En face de ces « terribles gens », il y a ceux qui les contestent et,
pour ce faire, doivent « se défendre d’en haut, à partir de quelque point
invisible : enragés à soutenir que ce sont quelques certaines natures
intelligibles et incorporelles qui constituent la réalité authentique » (246b).
On trouve trace du même grand partage dans d’autres dialogues. Ainsi dans le
Phédon, Socrate clarifie son rapport avec la philosophie de la nature
d’Anaxagore. La physique désapprend le « bon sens ». Socrate
l’accuse de l’avoir rendu aveugle. Il ne sait plus ce qu’il savait avant. La
question clé qui est posée est celle-ci : les philosophes de la nature
invoquent des causes matérielles qui expliquent la génération et la
corruption ; mais ces causes n’expliquent rien. Socrate oppose ces pseudos
causes aux raisons (intelligence). Socrate reproche à Anaxagore de n’accorder
aucune place à l’intelligence dans l’arrangement des choses.

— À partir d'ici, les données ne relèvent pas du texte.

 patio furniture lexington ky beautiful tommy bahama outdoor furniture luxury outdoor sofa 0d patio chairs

2. La tradition marxiste – en
commençant par Engels – suit l’idéaliste Platon, en le renversant, et fait du
clivage entre matérialisme et idéalisme le clivage fondamental en philosophie.

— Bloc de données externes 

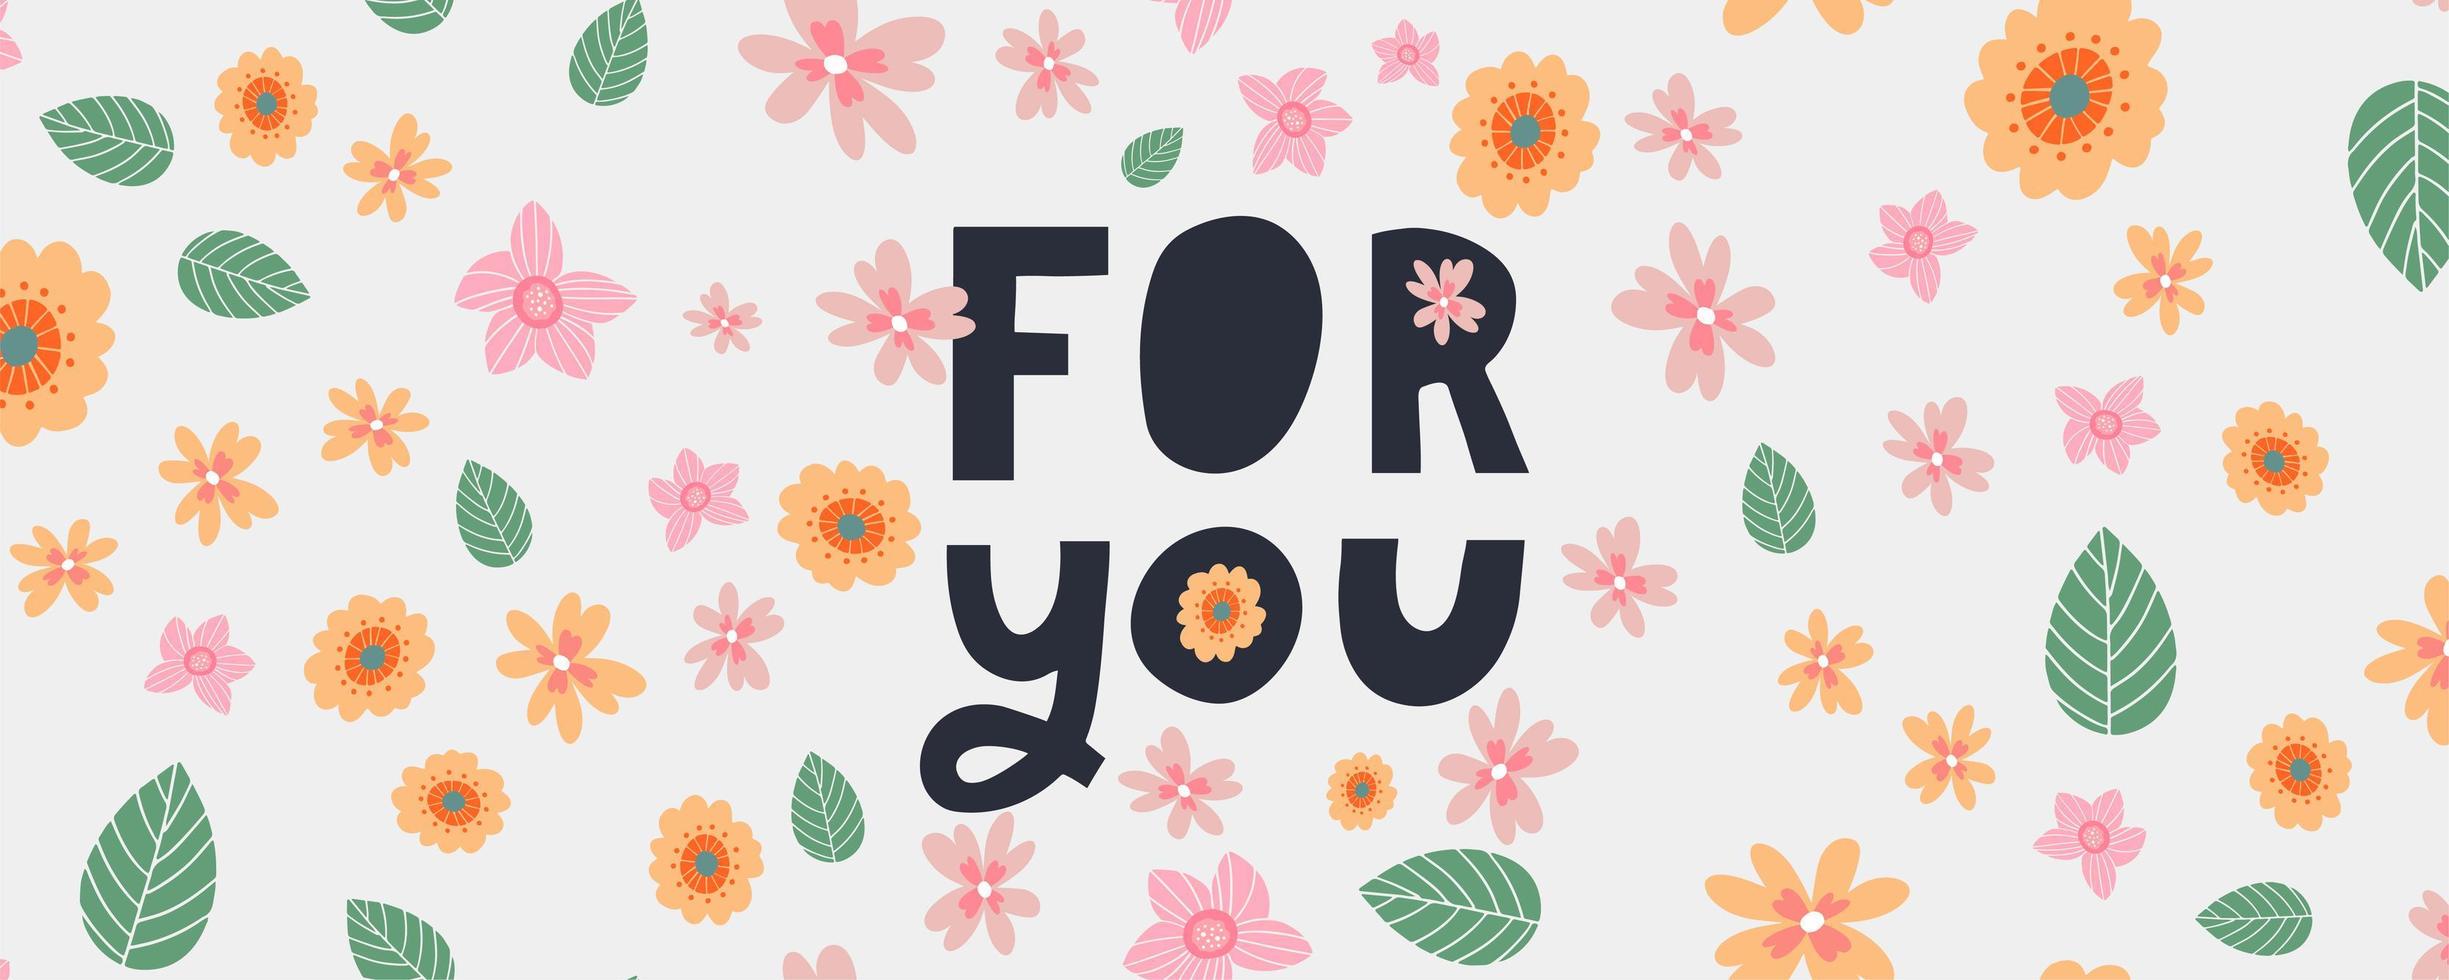 For you text lettering Valentine's day banner with flowers vector

À ma gauche, le camp du bien : les « matérialistes » de
l’Antiquité (essentiellement les atomistes, comme Leucippe, Démocrite, Épicure
et Lucrèce mais aussi parfois Aristote …), les matérialistes français du XVIIIe
(Diderot, Helvétius, d’Holbach) et quelques autres ; à ma droite, le camp
du mal, les idéalistes de Platon aux « Jeunes Hégéliens », à Bergson
(« une imposture philosophique », disait Politzer) et plus
généralement tous les ennemis politiques, les révisionnistes, etc. Quelques-uns
ont parfois un statut intermédiaire: dans Matérialisme et empiriocriticisme,
Lénine situe Kant à mi-chemin entre matérialisme et idéalisme. Mais à quelques
détails près, le champ de bataille est décrit de la même façon chez la plupart
des auteurs de la tradition marxiste orthodoxe, Engels, Kautsky, Plekhanov,
Lénine, les « pères fondateurs » du « matérialisme
dialectique » qui a été l’idéologie de pratiquement tous les courants du
mouvement ouvrier « marxiste ». Staliniens et trotskistes,
bordiguistes et togliatistes pouvaient s’affronter violemment sur le terrain
politique mais partageaient (ou partagent encore) ce matérialisme dialectique
et cette vision de la philosophie ou, pour parler la langue d’Althusser, de la
« lutte des classes dans la théorie ».
3. Mais au-delà des marxistes,
cette classification des philosophies en matérialistes et idéalistes, est assez
largement acceptée. L’idéalisme allemand, pour parler de Kant, Fichte et Hegel,
est une expression courante. Que Marx soit matérialiste, cela ne fait aucun
doute pour la plupart des auteurs d’histoires de la philosophie. Inversement,
on trouve la tentation chez certains philosophes « de l’école de
Marx » (Preve, Fusaro) d’inverser purement et simplement les habitudes du
marxisme orthodoxe. Ainsi, ils soutiennent que Marx est un idéaliste dans la
lignée de Fichte et Hegel. Preve affirme que le matérialisme de Marx n’est
qu’une autre manière de désigner son athéisme.
4. De nombreux exemples
attestent que cette classification est pour le moi problématique. Par bien des
aspects, Aristote pourrait être classé parmi les matérialistes. Son attention à
la nature (physis), sa confiance dans l’expérience comme première source
de nos connaissances vraies, sa capacité à prendre en compte le seulement
probable et l’à-peu-près en font un philosophe plus proche des « fils de
la terre » que son maître Platon. Du reste, c’est bien ainsi qu’il est
représenté, cheminant aux côtés de Platon dans la fameuse fresque de
« l’école d’Athènes » de Raphaël : Platon montre l’invisible
dans le ciel et Aristote pointe le doigt vers le bas et les choses terrestres.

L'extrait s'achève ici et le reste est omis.